P. – O que a levou a escrever o quase manifesto que é “Elect yourself”, incluído no seu mais recente disco, “Abstract Contact”?
R. – Tem tudo a ver com a nova geração de putos que acreditam que a música pode mudar o mundo. É um “rap” escrito à minha maneira (como “Loss of Consciousness”, de “The Perfect Release”); longo e profundo, que não tem nada a ver com os habituais egotismos do género, do tipo “Olhem para mim, sou o melhor compositor do mundo”…
P. – Tem planos para um próximo álbum?
R. – De facto, preparo atualmente um novo disco que será qualquer coisa de muito perfeito. É uma obra em que trabalho já há alguns anos e que não será editada na minha editora. Desta vez a música será menos elitista e qualquer pessoa está apta a compreendê-la…
P. – Em Lisboa, como será? Quais os músicos que a acompanham e qual o reportório escolhido?
R. – Venho acompanhada de um trio de músicos muito jovens: Simon Price, na bateria, que participou na gravação de “Abstract Contact”, Michael Mondesir, no baixo, durante três anos acompanhante do saxofonista Courtney Pine, e Amit Mukherjee, na guitarra. Cantarei canções de todos os meus álbuns, a partir de “X-Dreams”. Tenho muito por onde escolher, entre 25 anos de canções. Organizei uma sequência estruturada de forma “dramática”, para o impacte ser maior. Espero que as pessoas percam a cabeça, do estilo de saírem da sala sem saber onde moram…

DISCOGRAFIA

1968 – REVENGE
Polydor
Estreia de quase impossível acesso. Inclui o “punk rap” “I Belong to a World that’s Destroying Itself”. Prováveis delírios eletrónicos, suavizados pelas carícias da voz aveludada. Vingança contra os habitantes do mundo, na época entretidos a brincar às cores nas traseiras da realidade.

1971 – I’M THE ONE
RCA
Foi quando Bowie a descobriu. Na altura até o NME dizia maravilhas. Também é difícil encontrá-lo. Adivinham-se paraísos a que a inacessibilidade acrescenta o sabor do desconhecido.

1978 – X-DREAMS
Aura
Apareceu por cá na altura e foi um estouro. Com que cara se escuta alguém cantar “My Mama Never Taught me How to Cook” como se fosse a atividade mais erótica do mundo? Em “Too Much in the Skies”, ficamos a saber como cantam os anjos nos ardores da primavera.

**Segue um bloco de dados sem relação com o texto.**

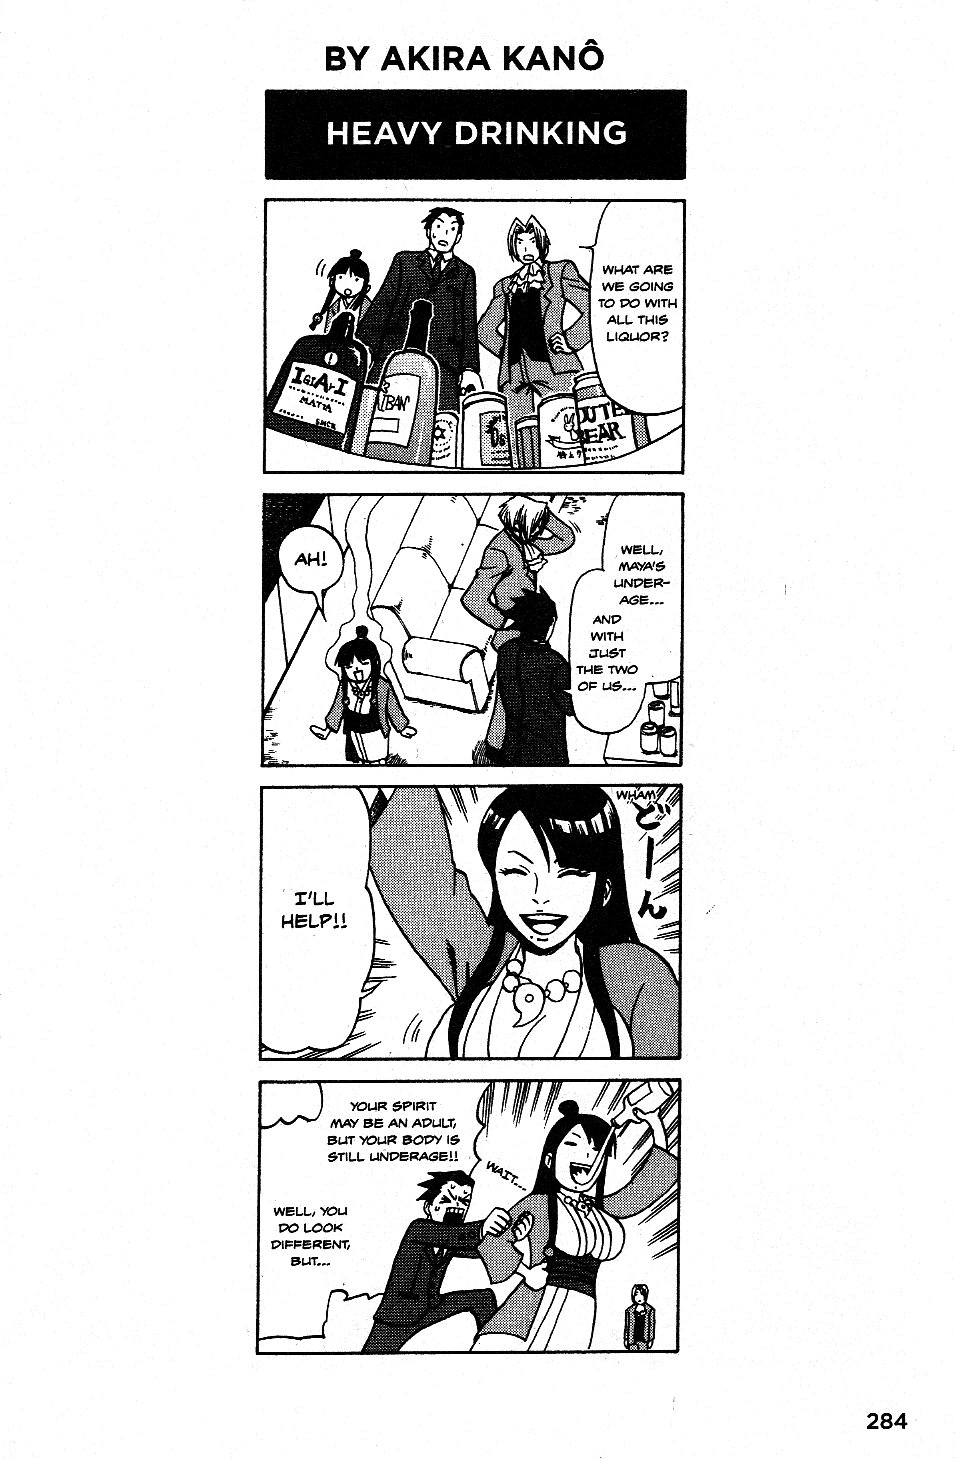 Phoenix Wright: Ace Attorney - Official Casebook Vol.1 Chapter 20.5: Four Panel Comic Strips - By Kikuchiyo Anko & Aira Kanô - Picture 2

1979 – THE PERFECT RELEASE
Aura
Menos aparatoso que o anterior. “O amor saiu para almoçar”, “Perda de Consciência”. Os extremos tocam-se, a violência e a sensualidade da voz. Destaque para “Survival”, longo tema, discretamente “jazzy”, em que as palavras se transformam em mantra hipnótica.

1982 – SKY SKATING
Ironic
Obra máxima. Voz, piano e sintetizador bastam para fazer da balada um género maior. Cada canção arranha céus. A bailarina dança no topo dos edifícios e flutua mais para cima. A vertigem é nossa.

1983 – BEEN IN THE STREETS TOO LONG
Ironic
Talvez, mas para nós não. É a continuação musical do álbum anterior. Seduz irremediavelmente, como todos. A mesma instrumentação, a altura de sempre das palavras. A voz. A voz que parece ter corpo e tocar-nos diretamente onde somos mais sensíveis.

1986 – I HAVE NO FEELINGS
Ironic
Mais eletrónico que os anteriores. Às vezes lembramo-nos de Robert Wyatt, no som, na desolação, no tom intimista e sombrio das palavras. Ainda e sempre a ironia…

1988 – ABSTRACT CONTACT
Ironic
O mais acessível de todos. “Funky” à maneira da senhora. Os mais despreocupados podem pois dançar. “Elect Yourself” – 15 minutos, os suficientes para tocar em todas as feridas da América e mesmo nas nossas. Mesmo assim, queremos mais. Annette canta todas as coisas como se fizesse amor.